• [Exercise goal]
Each line from the one with "orange cocktail on" through the last line below must be written out exactly. Do not copy pictures.

• [Collected data]
============================================================

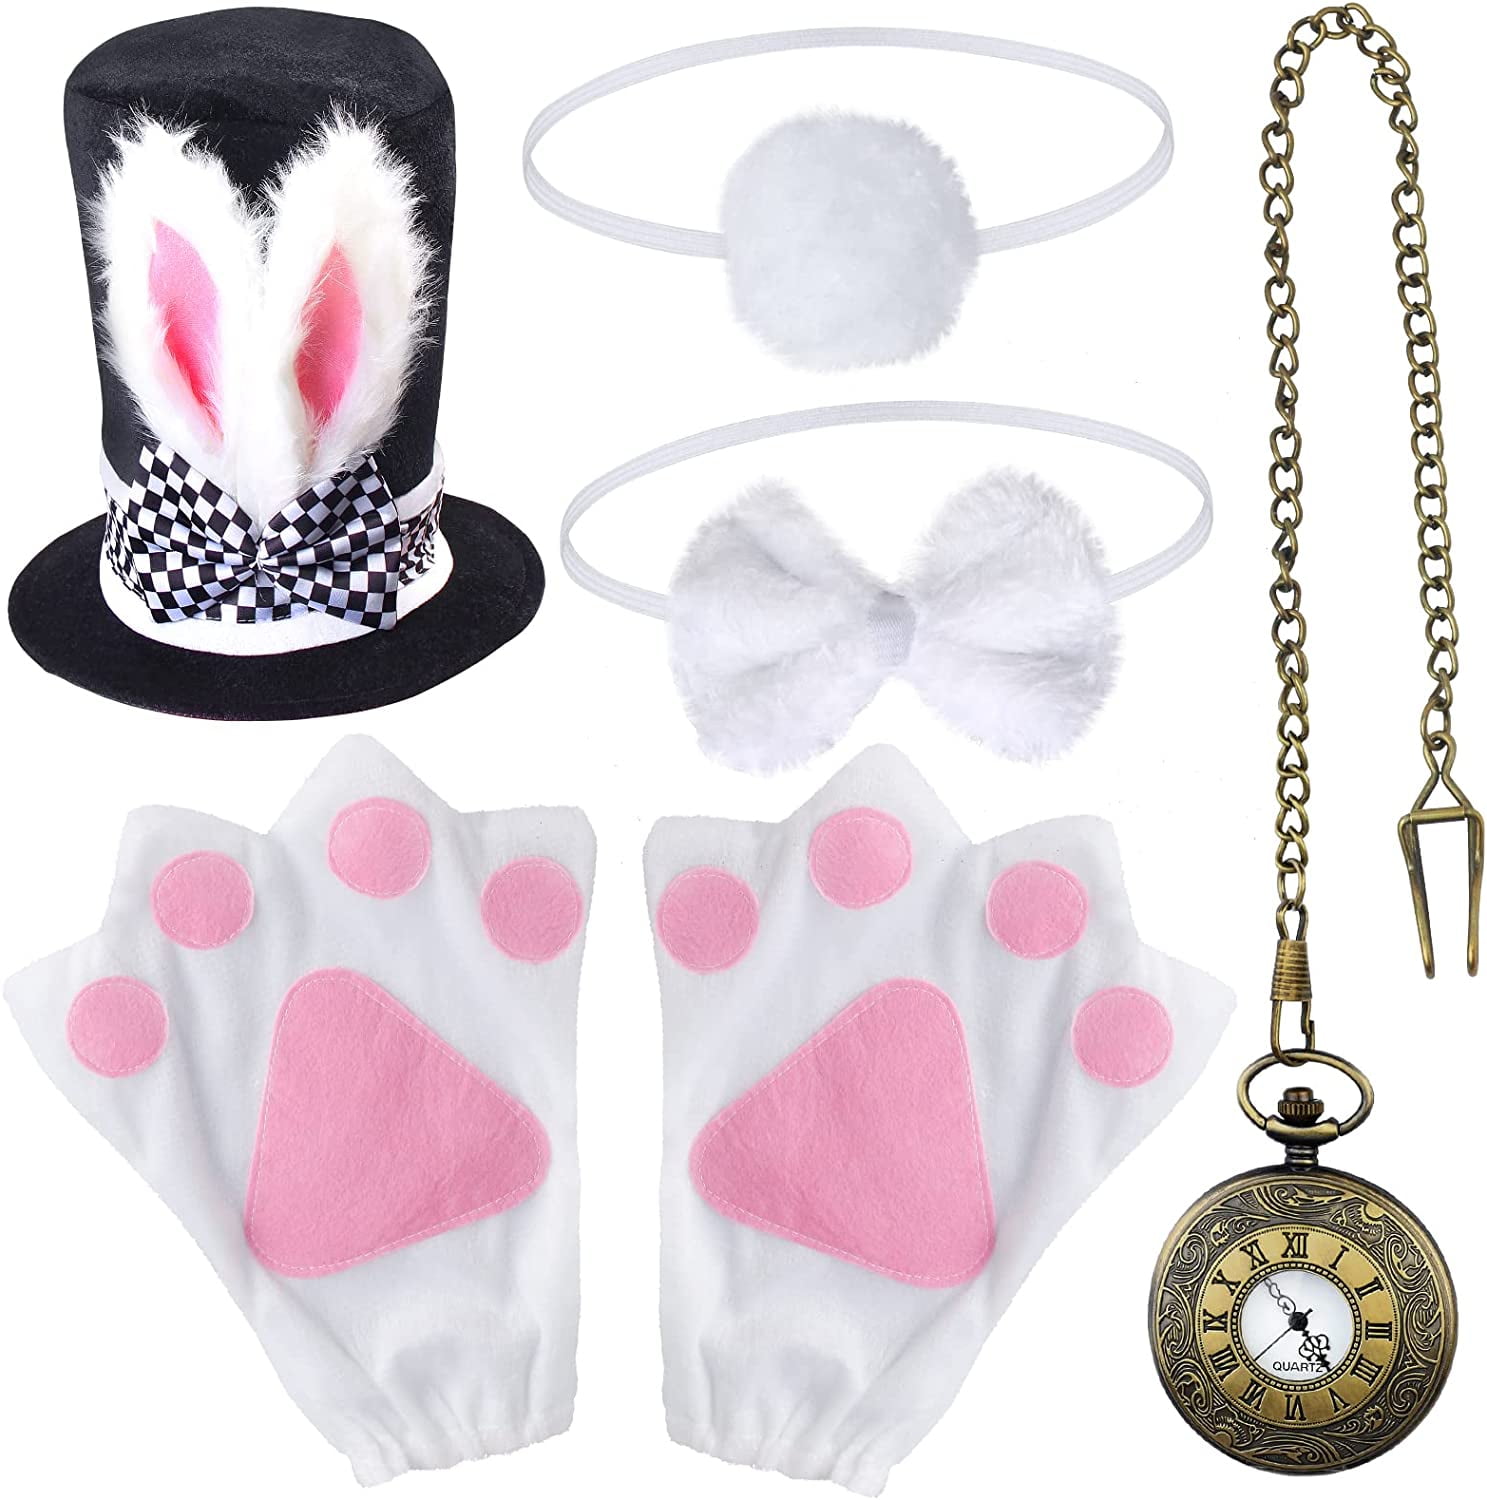 Brybelly Wonderland Rabbit Costume Accessory Kit
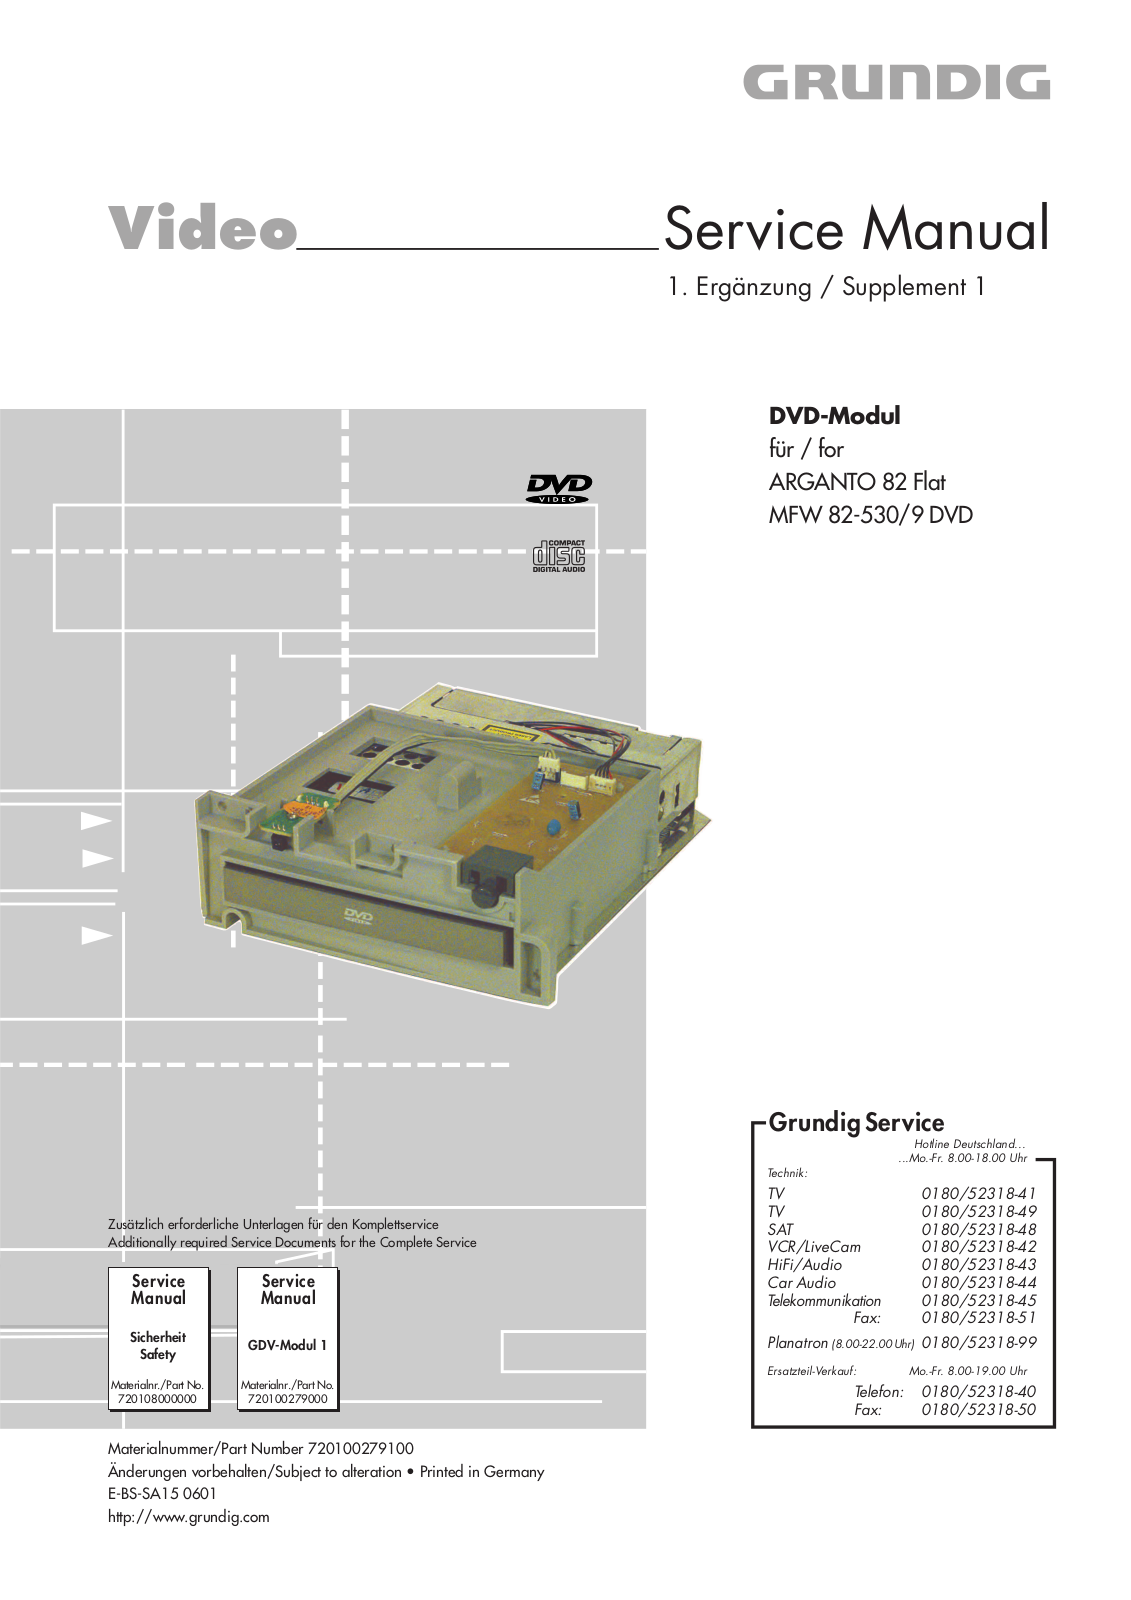 Grundig ARGANTO-82-FLAT, MFW-82-530-9-DVD Service Manual
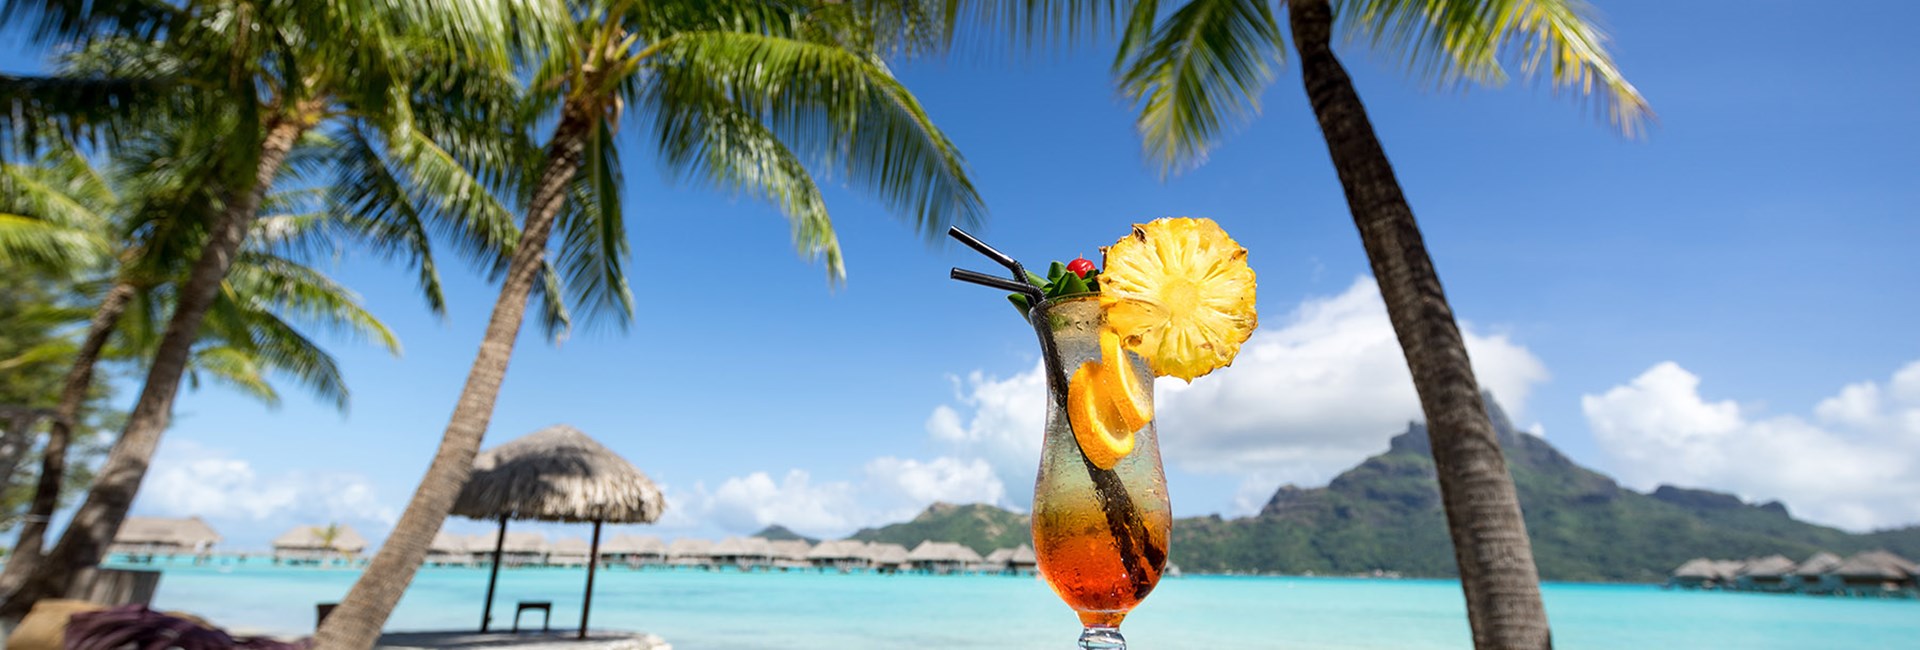 orange cocktail on edge of pool next to beach with palm trees
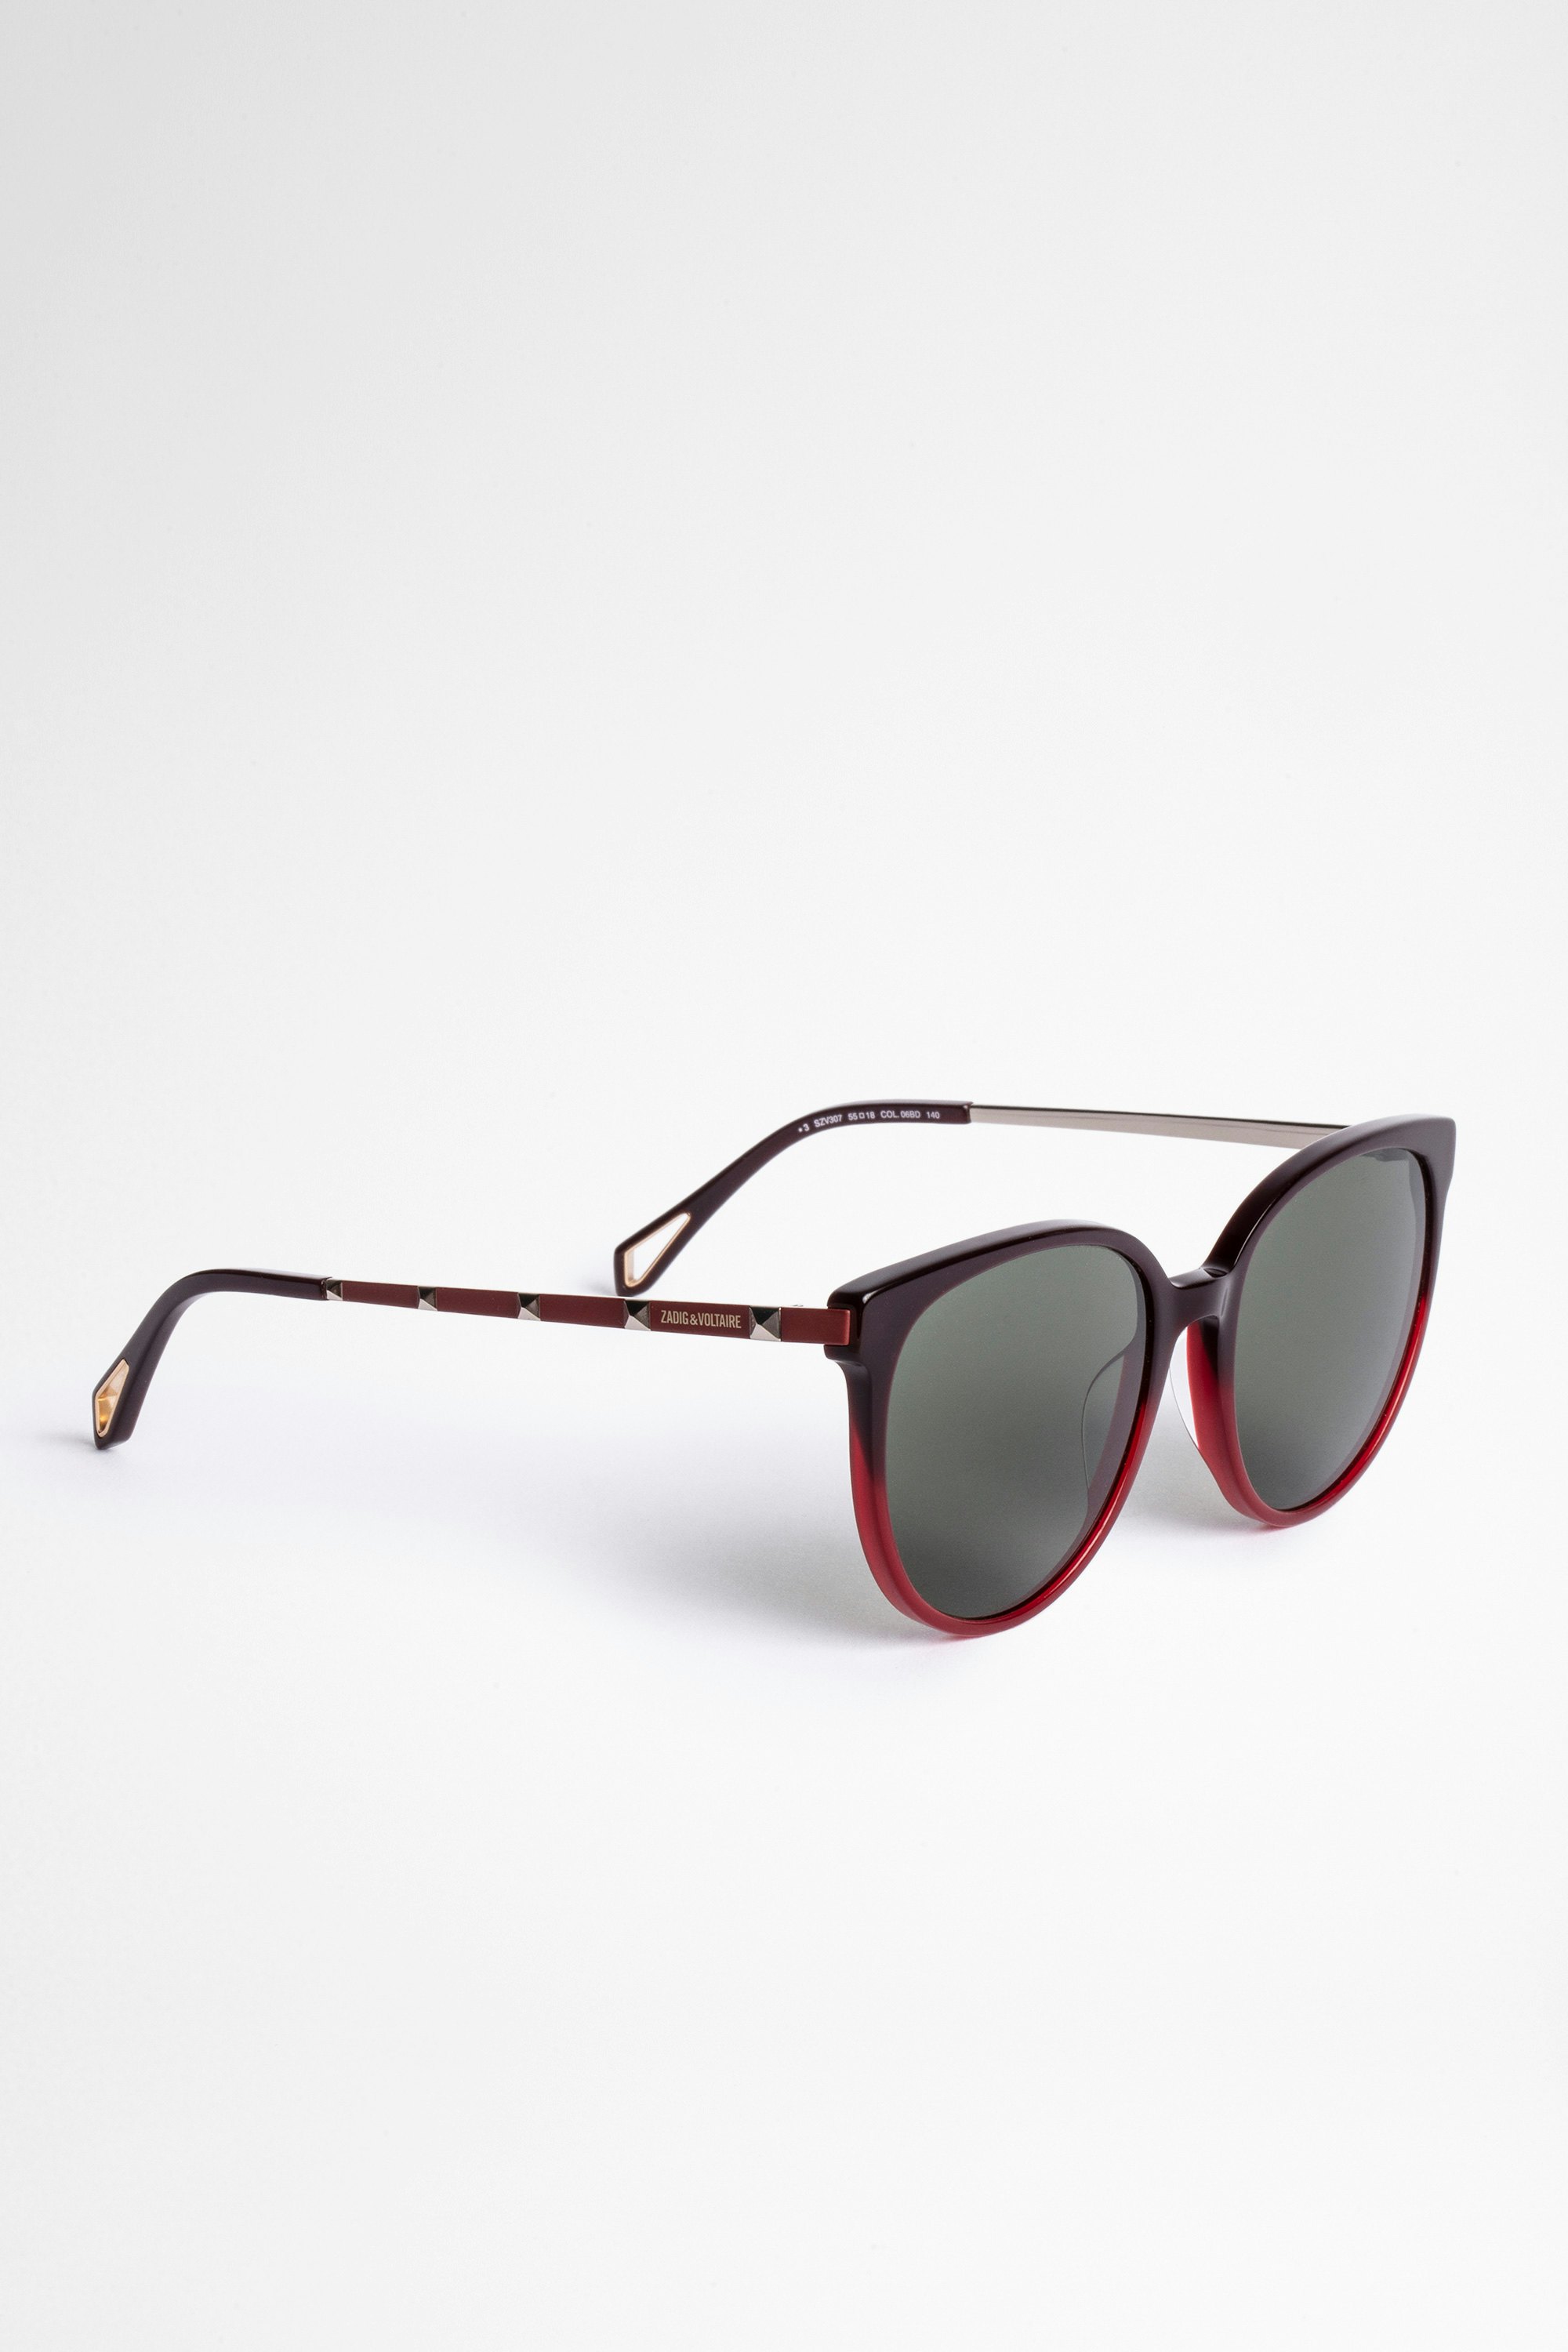 Studs Sunglasses Unisex bio-acetate sunglasses in red with green lenses

============================================================

• [Reply to the exercise]
 orange cocktail on edge of pool next to beach with palm trees
 Studs Sunglasses Unisex bio-acetate sunglasses in red with green lenses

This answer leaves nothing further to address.